I usually have a long rope and dog collar on the goat.........have a grain bucket.............take her in a coral or small penned in area.................pull the rope with tension to get her to come to you....she will fight ........... when she takes a step.... let off the pressure of pulling ........this technique also works with lead training ........talk to her in a soft voice...... she will struggle ......pull with a little tension until she takes a step.....repeat until she gets reaches you..........scratch her between her horn area ........that is about every goats favorite spot.....................she might not want .........the grain at first.........but ......try feeding her some grain from the bucket......if she doesn't want it............no worries.......keep scratching her......between the horn area.............try to scratch her cheek area.....when you get to her neck area she may not let you ......keep working with her on a daily basis.....after a few times you could probably bring a chair in and sit down while you do this......keep offering the grain or hay.........eventually she will start giving in........ 

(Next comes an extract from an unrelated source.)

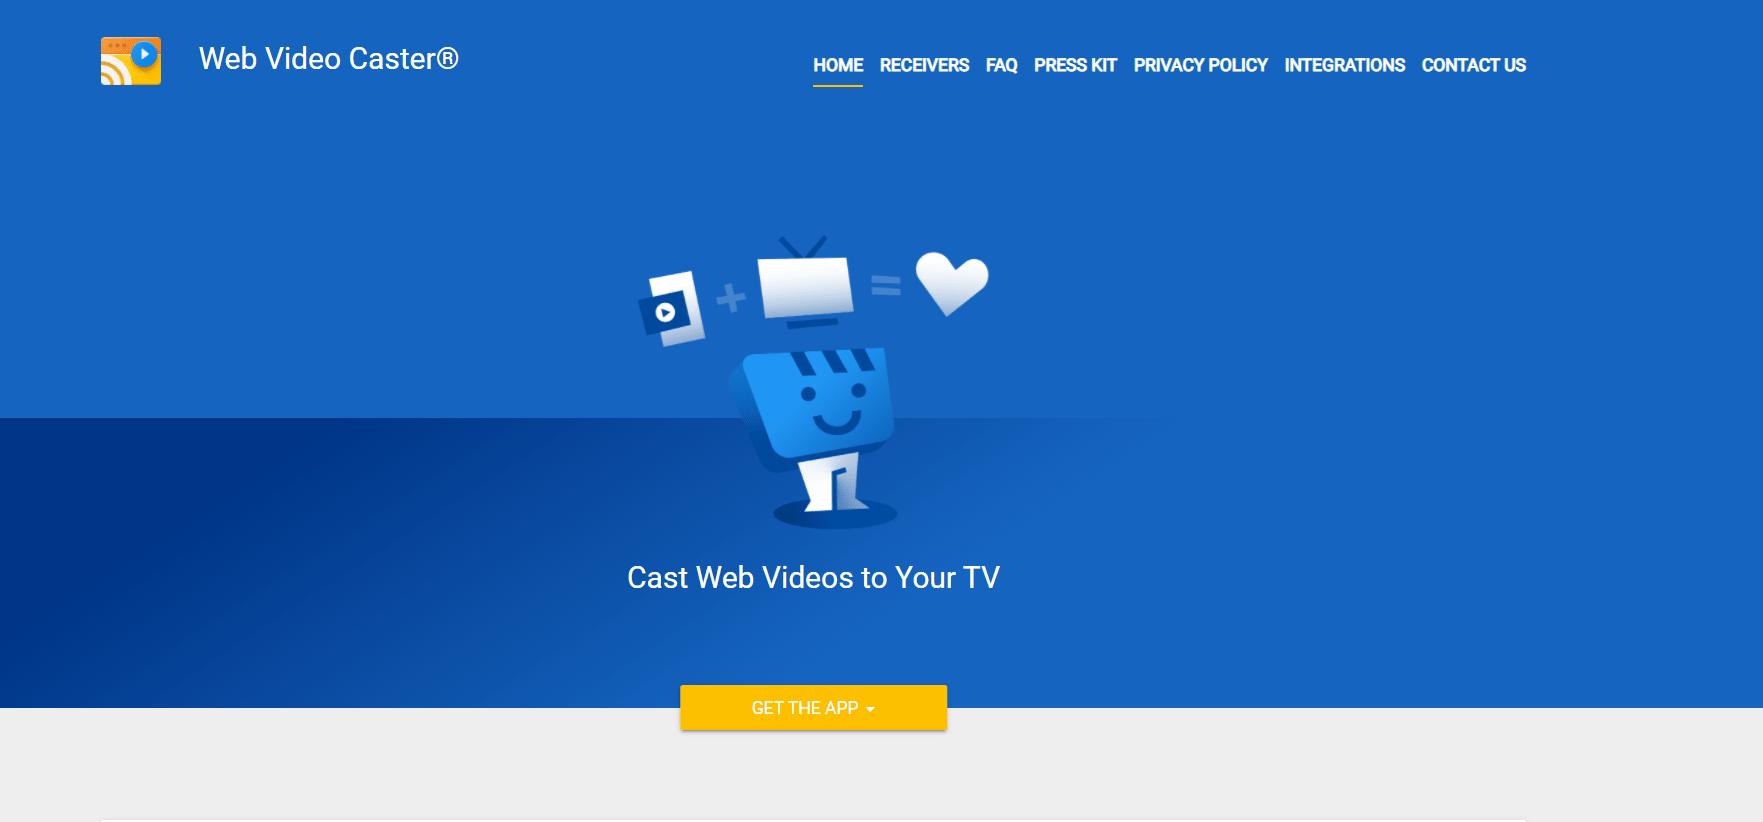 Web Video Caster

when she is not afraid of you....... and trusts that you will not hurt her................. in the small pen.........have her on the the long rope...............sit in a chair and gently pull her to you....using the same method above......... by now she should volunteer more.........pet her and feed her some grain.....or hay from the bucket or your hand........as it gets easier... she will voluntarily come to you ..................then you will not need the rope on her anymore............and you will be able to lead her anywhere you want..........you just killed 2 birds with 1 stone....LOL 

take the rope and dog collar off of her after each.......training session.........


----------



## nancy d (Oct 5, 2007)

Amos my experience with a wild doe was similar. Almost a year!!
Where they came from they didnt get treats. They were from a large herd. 
But I spend lots of time with them. We could catch them for meds but this one particular doe now comes to me asking for skritches. When Im working out there they pretty much ignore me but not her...she'll just stand by me, leaning into me. We have gone from polite request for horn skritches to full blown shoulder and back massage demands which oft times exceeds the legal limit.
One of her yrlng daughters is right there too showing promise of learning to take on her dam's ability to flat out use me.
Just keep working with her, she will come around as she learns to trust you. The only time I push them is when its meds time.


----------



## Amos (Oct 2, 2008)

Well atleast I'm not alone. Yeah the only time we push him to cooperate is when we give meds or hoof trimming. One time he lost his collar and we needed to get him to the back pasture across our land, and he wouldn't let us get near him.. luckily we ket him with our wether, whom he can't live without so he just followed me while I lead the wether back there. But he still doesn't have a collar. We're at the point where we can just pet him with the tips of our fingers, but other than that he won't let us get too near.


----------



## SDK (Jun 26, 2008)

you know what.. i'm going through the same thing right now with daisy's niece and my new love..kevin :drool:  :drool: (picks up jaw) 

but i've found out the quickest way to a goats heart is (like a man) through their stomach. I used black eyed peas, BOSS and some calf manna, and i took them out on short little walks.. and kevins already got most of it.. he's still a little stinker to catch. but im making great progrees with both.. the doe is just much slower


----------



## QotL (May 27, 2008)

My first goat Loopa was pretty wild. She was used to having people feed her... and not much else. 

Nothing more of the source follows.